Dry chicken parts and proceed to rub in salt, white pepper, and ground cumin (preferably from Morocco or Israel, I've had only these varieties in the last year—SO spoiled). Now, you're going to let that chicken warm up on the counter. You'll want it to sit at room temperature for about a half hour to an hour. If anything I've learned, it's not to try and sear cold meat. Gross, you say, you'll get salmonella. I think not. That chicken is going to have the shit cooked out of it, I promise. You'll be fine. Plus, if you're avoiding nasty Perdue / Shaw's / Market Basket Antibiotic-Flavored chicken, your chance for the runs decreases considerably:




Meanwhile, prep aromatics: 2 diced yellow onions, half a bulb of garlic, minced, and in this case, reconstituted chipotle peppers, and cumin seed. Sometimes if I have fresh jalapeno I'll use that too. However, dried peppers are key.



Open Rogue Dead Guy Ale and clean up chicken-dissecting cutting board and knives. Line up the 4-7 spices you feel like using for sauce.




Open a can of 365 brand crushed tomatoes, and get some chix stock simmering on hotplate.

Step two: Bring about 4 TBL canola or corn oil to a purdy shimmering sheen and begin to sear chicken in batches in pot. Make sure that chicken is getting really dark. As pieces finish, put in warm oven in dish to catch juices, etc. This step will ensure that your studio apartment begins to smell like a very greasy taqueria. Olé!


When all chicken is seared, the bottom of your pan should resemble a wasteland of very dark chicken scraps and oil. This is OK, you vant dis, very very much:


Dump in the onions and cumin seed ONLY at this point. The steam and liquid of the fresh onion will soften the burned bits. Scrape up the bits with a flat-head wooden spoon, stirring the onions often; the cumin seeds will being to soften.

After a few minutes, add the chipotle pepper and the garlic and let go for a few more, stirring a few times. At this point, I add more chile powder(s) and cumin. I really can't tell you how much or what kind--though I do know that it's more than you'd think it is. Stir some more. Add the chicken and accumulated juices next, and stir well.

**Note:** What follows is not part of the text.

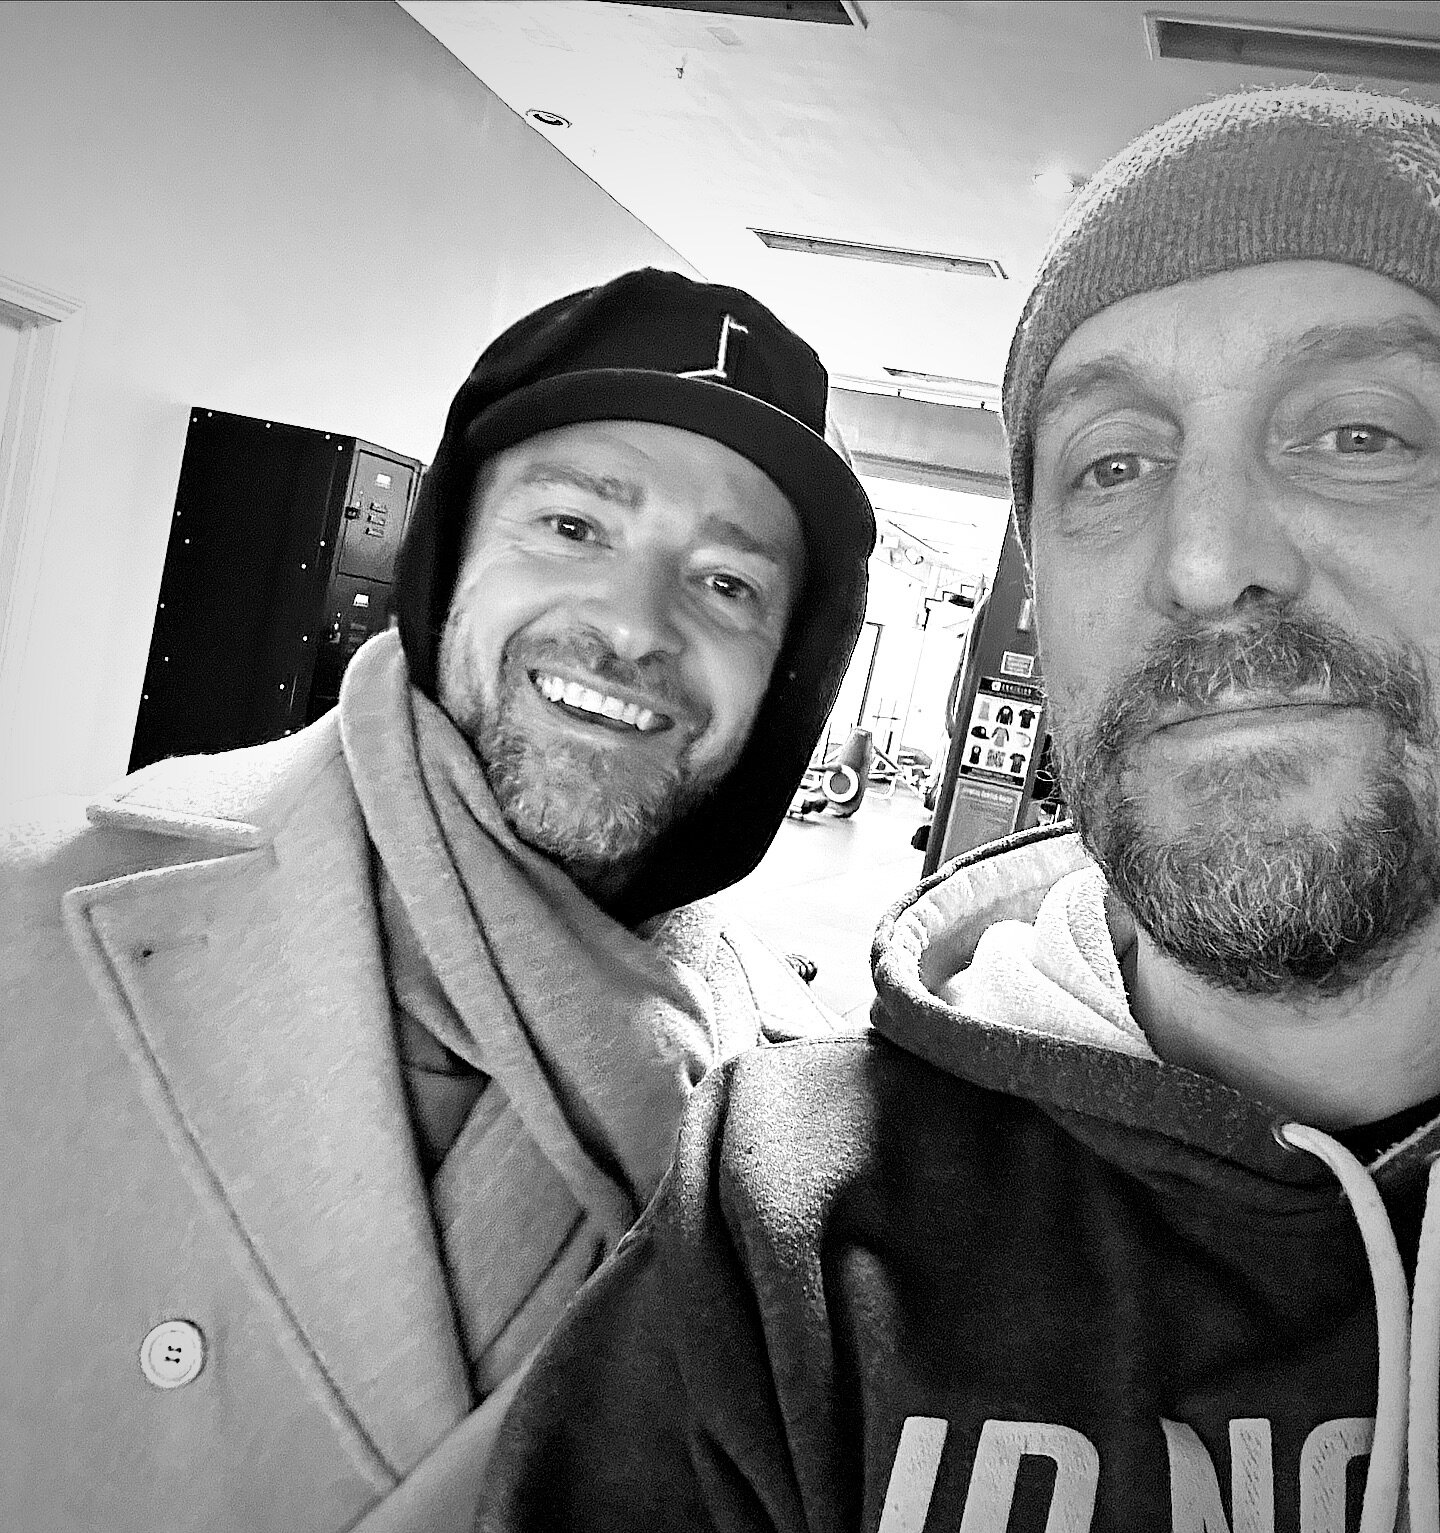 Look who stopped by for a workout! Thank #justintimberlake for always supporting your hometown and local businesses! 

#travelworkout #envisionmemphis #envisionfit #downtownmemphis #move4life #memphisfit #choose901 #localbusiness #selfcare #ilovememp

After another minute or three, add tomatoes, stock, and a large pinch of sugar. What you've got now are 11 pieces of bone-in chicken in a cozy bath of spices, aromatic, tomatoes, and stock. Bring this to a boil, then cover and simmer, covered, for, oh... about two hours. Yup, two hours. Clean up kitchen and do some laundry.

Step 3: When you reach in to pick up a piece of chicken with tongs and it is literally falling off the bone, you've hit it. Remove the chicken to a large plate and keep sauce on simmer, covered. When you can handle the chicken without burning yourself and swearing, pull off the bone and shred using your fingers or two forks. Toss the bones into a pie plate and throw them into a 425 oven. Yup, you're going to roast those fuckers. It wasn't good enough that they took a bath, they are going to make a little extra sauce for us. After they're dark, throw them in a pot with some water and bring to a boil for about a half hour. Strain this and add back to the sauce. Then, use immersion blender to puree sauce:
This will break down all the little chicken shreds into the sauce, a very good thing.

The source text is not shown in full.